Может быть, иконологию можно определить как богословие, поскольку её основанием является Божественное Откровение? Но предмет богословия – учение о Боге и о путях спасения. Богословие в собственном смысле не занимается изучением тварного мира, вопросами истории и культуры.
Иконология всецело воспринимает православное богословское учение о Боге и о путях спасения, но собственный предмет рассмотрения иконологии – это тварное бытие, включая мир ангельский, мир человеческий и мир космический. Иконология – это учение о Премудрости Божией в мире, являющейся в структурах и образах этого мира. Отсюда и само название «иконология» – учение об образах.
По предмету своего рассмотрения иконология близка как философии, так и прочим наукам, и потому нельзя определить ее только как богословие.
Очевидно, наиболее подходящим будет понимание иконологии как синтез богословия и философии, науки, культуры. Иконология – это цельное знание, в принципе объединяющее всю полноту опыта человеческой истории и культуры с основными положениями православной веры и православного церковного опыта, на которых и строится осмысление опыта мирского.
Является ли иконология чем-то принципиально новым? Конечно, нет! Иконология, цельное православное знание ново лишь для невоцерковленной культуры. Для воцерковленного сознания в иконологическом методе (и основаниях!) нет ничего принципиально нового. В Церкви иконология была всегда. Она в Церкви настолько органична, что не возникало необходимости говорить о ней. Она – воздух, которым дышит церковное сознание. Убедиться в этом можно, читая святых отцов, для которых было естественно взирать на первообразы, обращаясь к образам. Вспомним завет преподобного Сергия взиранием на образ Святой Троицы преодолевать страх перед ненавистным разделением мира сего. Какие бы реальности не рассматривались: душа человека, ее внутренняя структура или отношение души и тела, или другие вопросы, связанные с человеком и его спасением, естественно ответы находились взиранием на первообразы, по которым был создан человек. Когда мы обращаемся к святоотеческим толкованиям Слова Божия, то часто обнаруживаем символическое, то есть иконологическое понимание описанных реальностей. То же видим и в объяснениях православного богослужения и устройства храма. Даже и малообразованный православный человек воспринимал мир, свой дом, свой быт как икону высших реальностей и стремился устроить свою жизнь в соответствии с этим представлением.
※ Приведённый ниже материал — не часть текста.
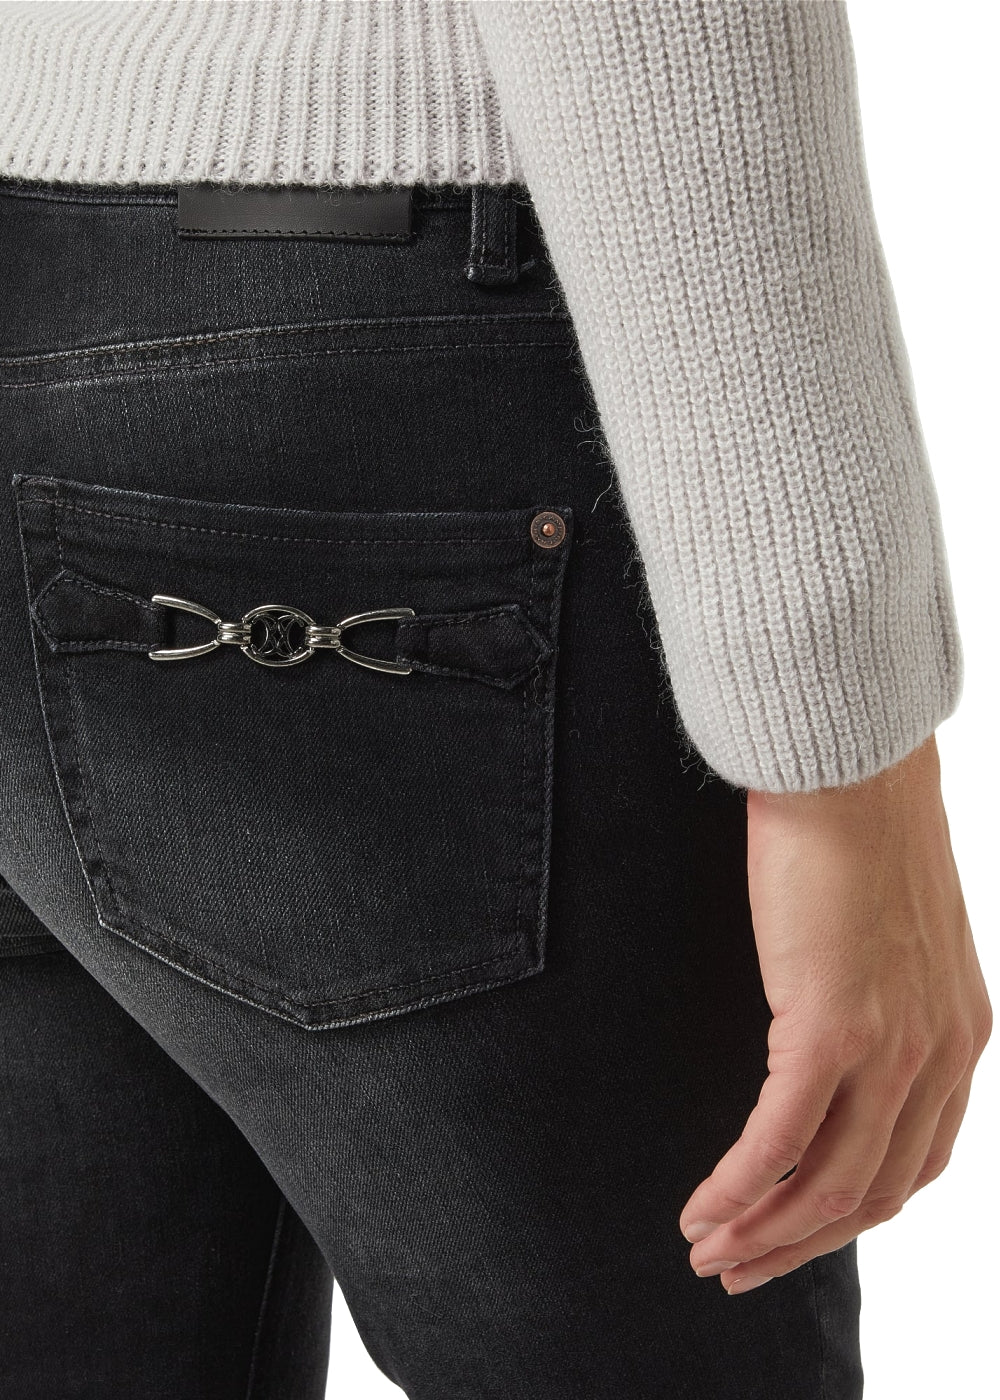 Cambio Jeans Paris ankle cut in dunklen grau. Slim fit 5-Pocket Hose in weicher Denim Stretch Qualität von Cambio. Jeans Paris mit gepflegter Waschung und normaler Taillenhöhe aus der neuen Cambio Kollektion.

Но церковное сознание, и книжное в особенности, рассматривало в основном вопросы духовной жизни, относящиеся непосредственно к спасению человеческой души. Очень многие вопросы человеческой культуры оставались вне иконического осмысления. Катастрофический разрыв между православным сознанием и внешней культурой особенно стал заметен, непереносимо болезненен в последнее время. Развитие секулярной культуры в современном мире носит взрывообразный характер, идет процесс вытеснения ею сознания церковного и вообще религиозного. Совершается почти всеобщая апостасия некогда христианского мира. Очевидна необходимость православного противостояния этому процессу. Внецерковному сознанию необходимо противопоставить православное понимание человеческой культуры, в частности, насущных проблем современности, в которых человечество, разбираясь с секулярных позиций, окончательно запуталось и разделилось в своих заблуждениях на непримиримые группировки. Истинное решение проблем человеческого бытия на земле может быть обретено лишь в свете Самой Истины, то есть иконологически. Если иконология войдет во взаимодействие с современной культурой, то это будет означать переломный момент в истории культуры. Человеческая культура будет подведена к крещальной купели. Захочет ли она воцерковиться или предпочтет самозаконное, самозамкнутое существование, безумно называемое «свободным» и ничего общего со свободой не имеющее? Во всяком случае, явление иконологии нецерковному миру означает окончание философского поиска и наступление момента сознательного выбора. Вспоминаются слова блаженного Августина: «Построили две любви, два града: град Божий – любовь к Богу до ненависти к себе и град земной – любовь к себе до ненависти к Богу». Что выбрать: свободное послушание Истине, следование за Нею или человекобожеское противление Истине? Здесь тайна свободы человеческой, тайна сердечного выбора.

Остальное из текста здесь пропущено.